##### Provided data #####

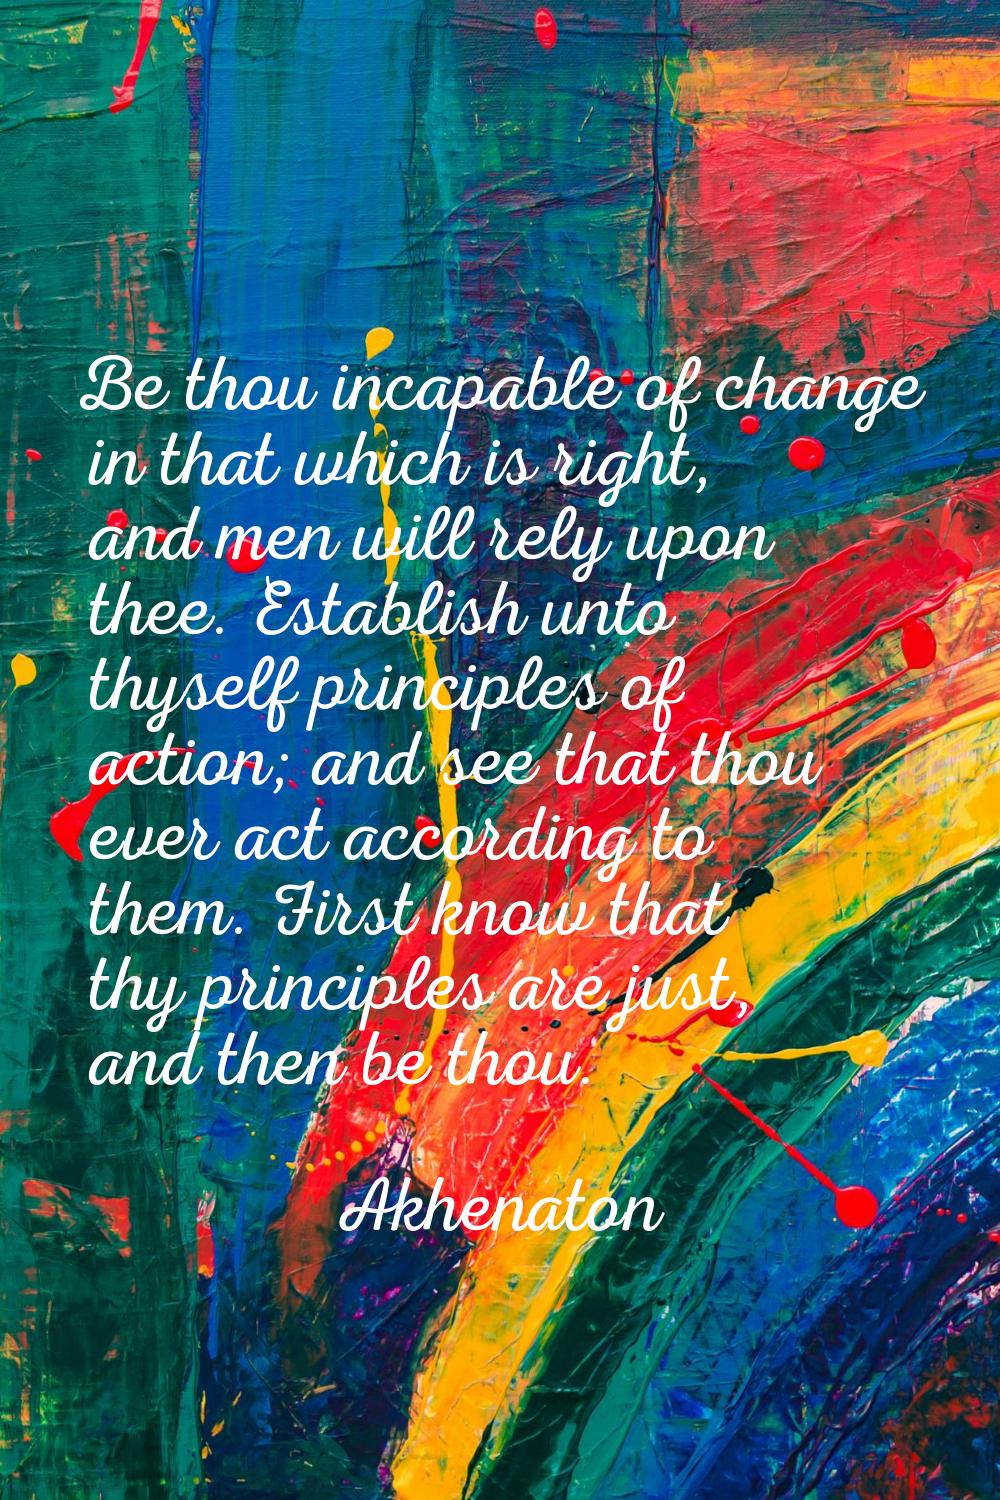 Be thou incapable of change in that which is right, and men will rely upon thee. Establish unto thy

#####
##### Provided data #####

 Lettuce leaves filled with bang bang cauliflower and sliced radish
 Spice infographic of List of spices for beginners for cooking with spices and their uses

#####

_Assigned task:_
If a line in the listing contains the string "with", copy it.

_Result:_
 Lettuce leaves filled with bang bang cauliflower and sliced radish
 Spice infographic of List of spices for beginners for cooking with spices and their uses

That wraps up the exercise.